PROVIDED DATA –
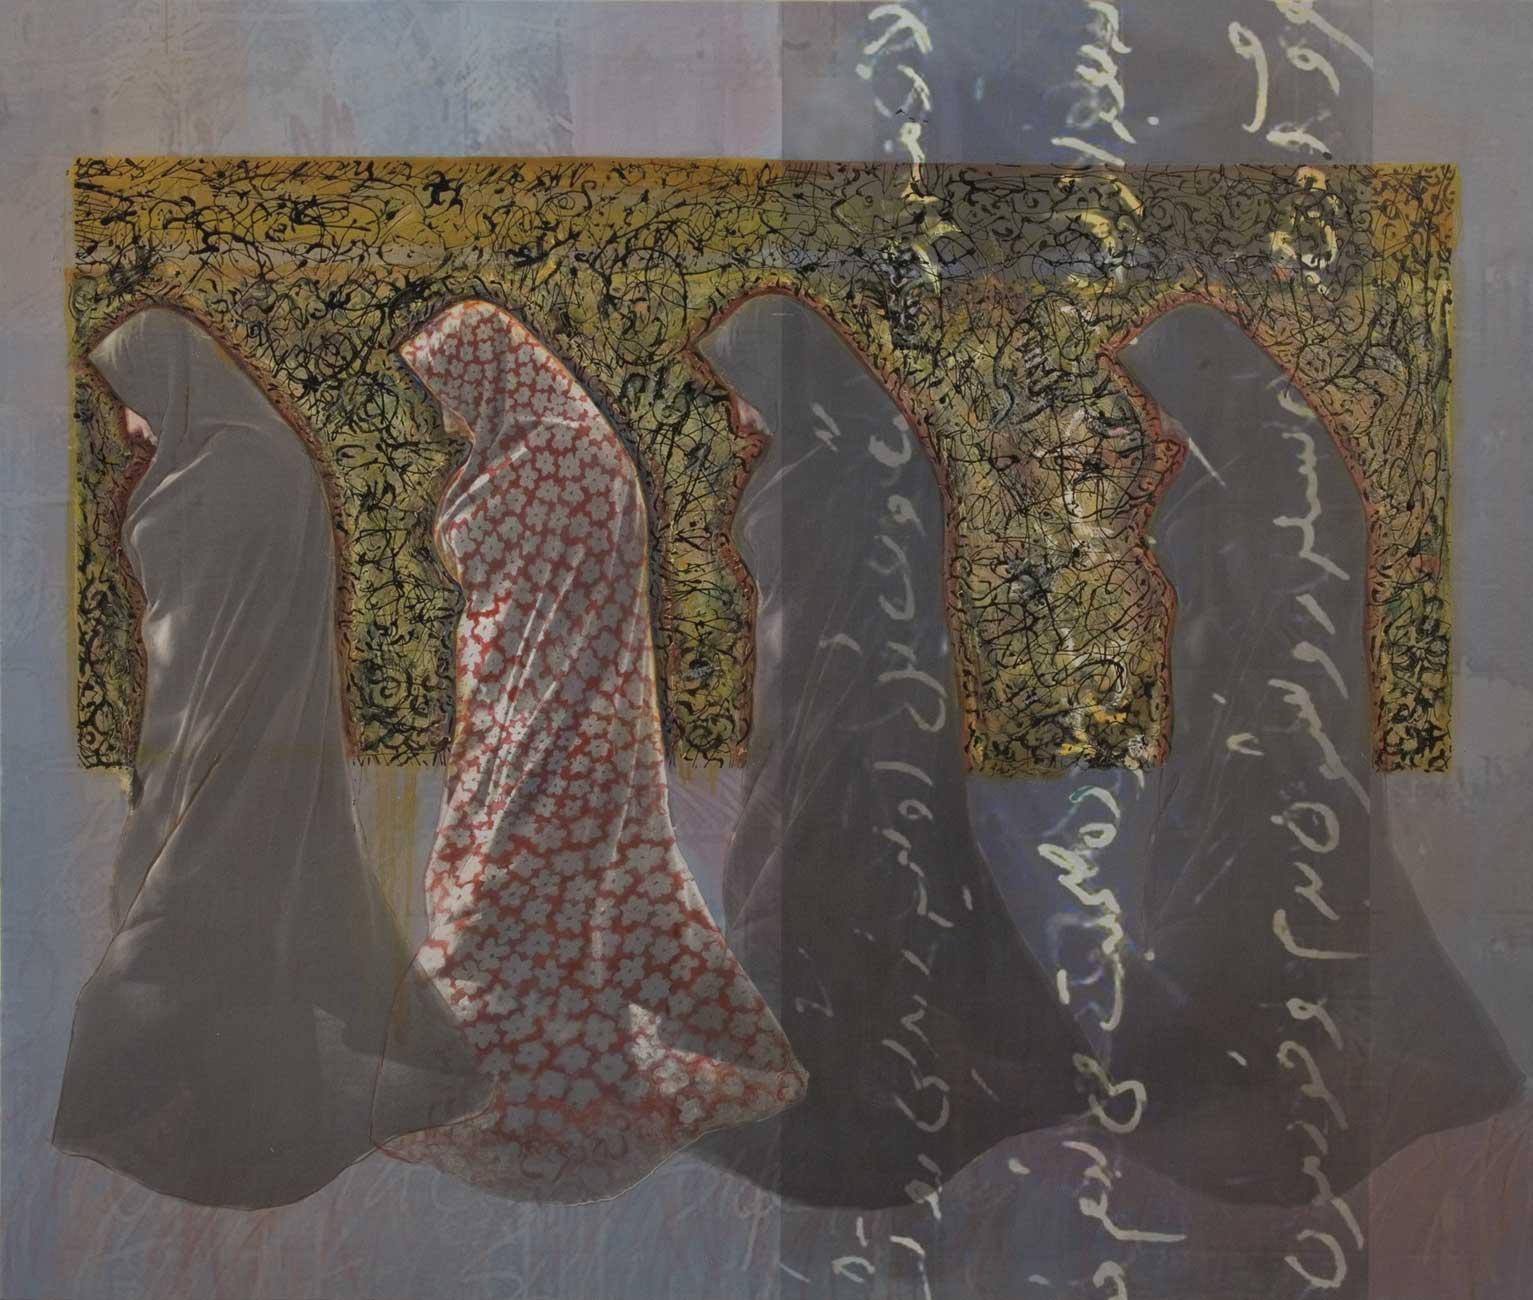 KOUS-0011-Koroush-Salehi_Walk-in-the-Right-Side_Mixed-media-on-canvas_110x130-cm_2011
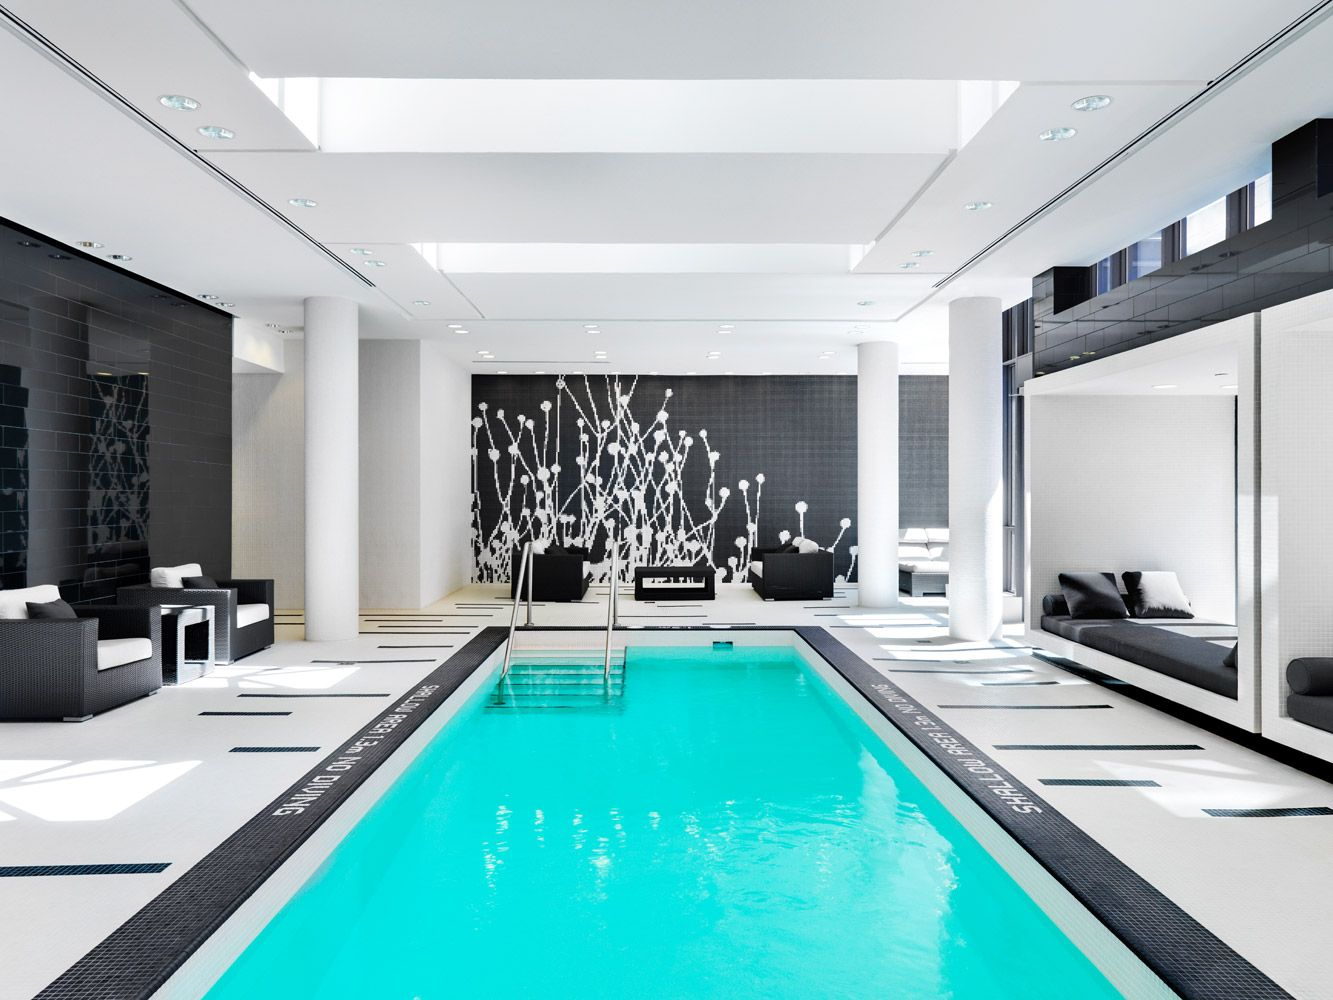 Search For MLS Listings, Resale Condos, New Condos, Pre-construction Condos & Homes For Sale in Toronto >A.Sunny Batra-Toronto Condo Expert of Remax West Realty Inc.
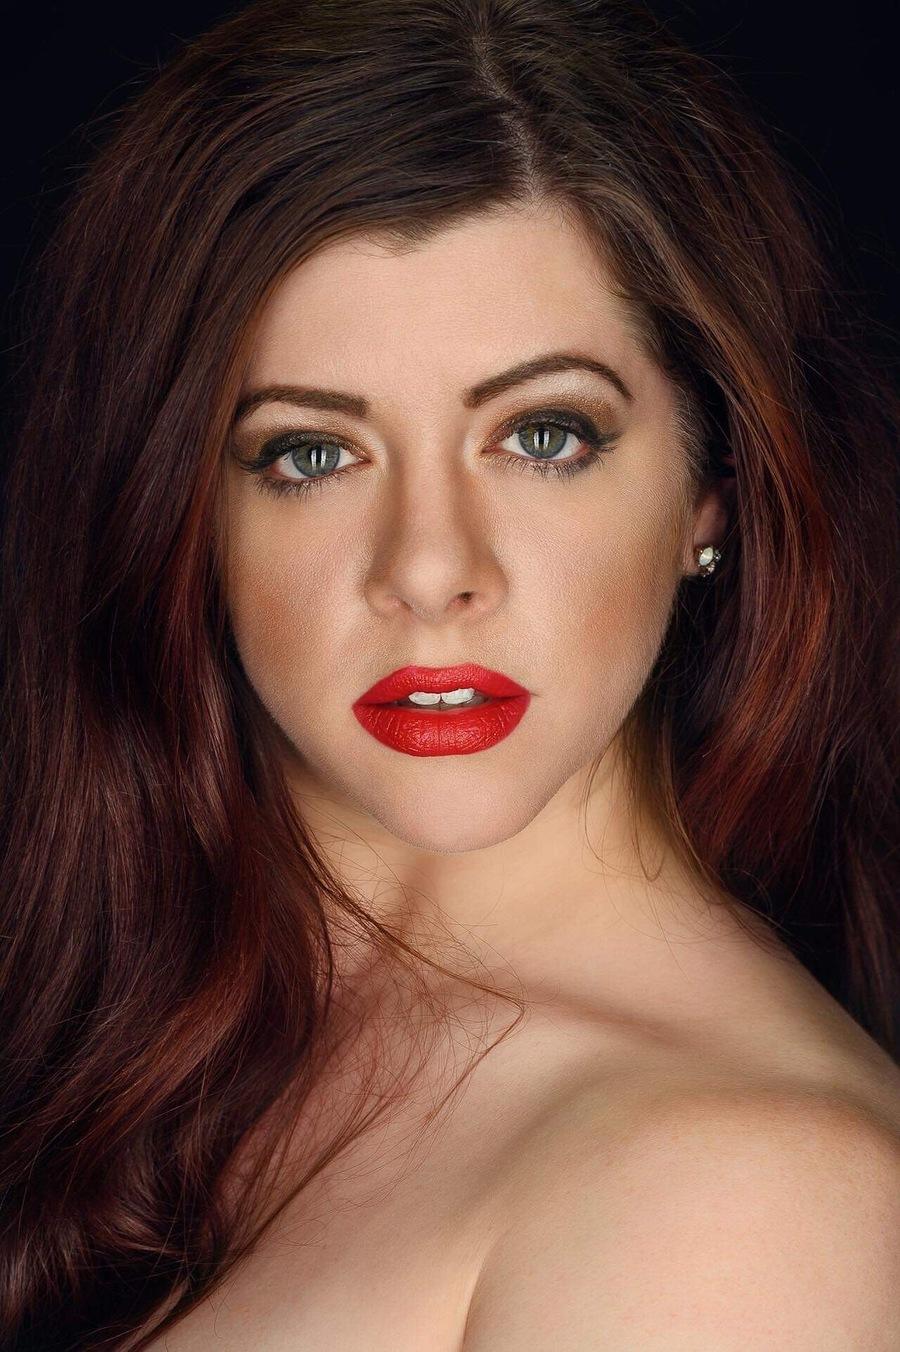 Photography by Gav Woodgate, Model Rhianna Grey, Taken at YorkPhotoStudio / Uploaded 13th November 2019 @ 10:01 PM
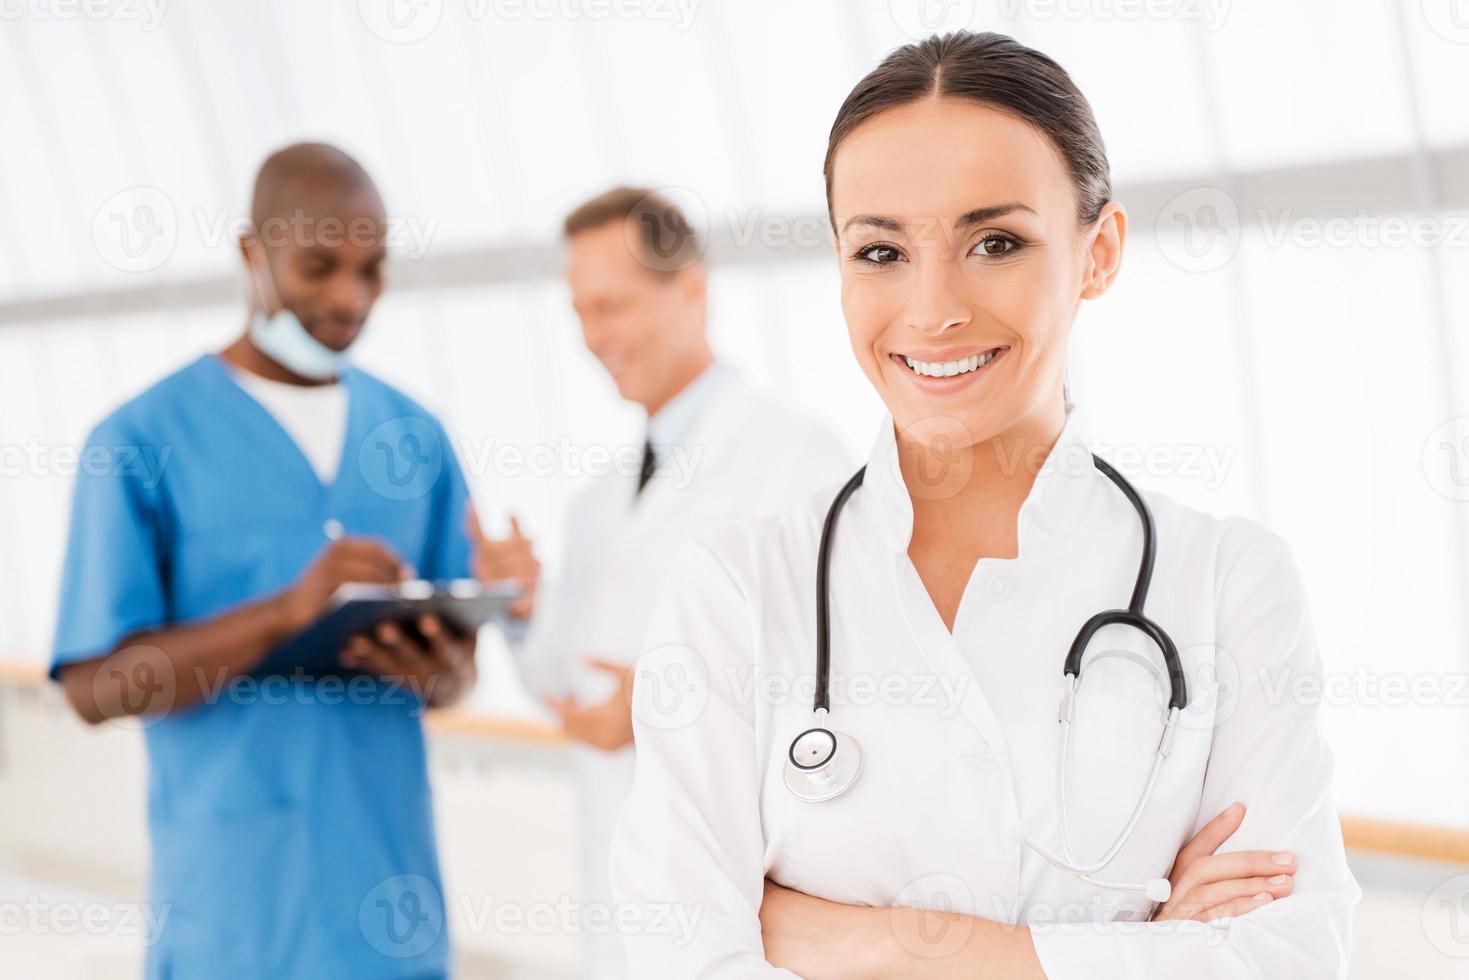 selbstbewusste Ärztin. foto

ASSIGNED TASK –
Without altering anything, output all the lines above but none of the images.

ANSWER BOX –
 KOUS-0011-Koroush-Salehi_Walk-in-the-Right-Side_Mixed-media-on-canvas_110x130-cm_2011
 Search For MLS Listings, Resale Condos, New Condos, Pre-construction Condos & Homes For Sale in Toronto >A.Sunny Batra-Toronto Condo Expert of Remax West Realty Inc.
 Photography by Gav Woodgate, Model Rhianna Grey, Taken at YorkPhotoStudio / Uploaded 13th November 2019 @ 10:01 PM
 selbstbewusste Ärztin. foto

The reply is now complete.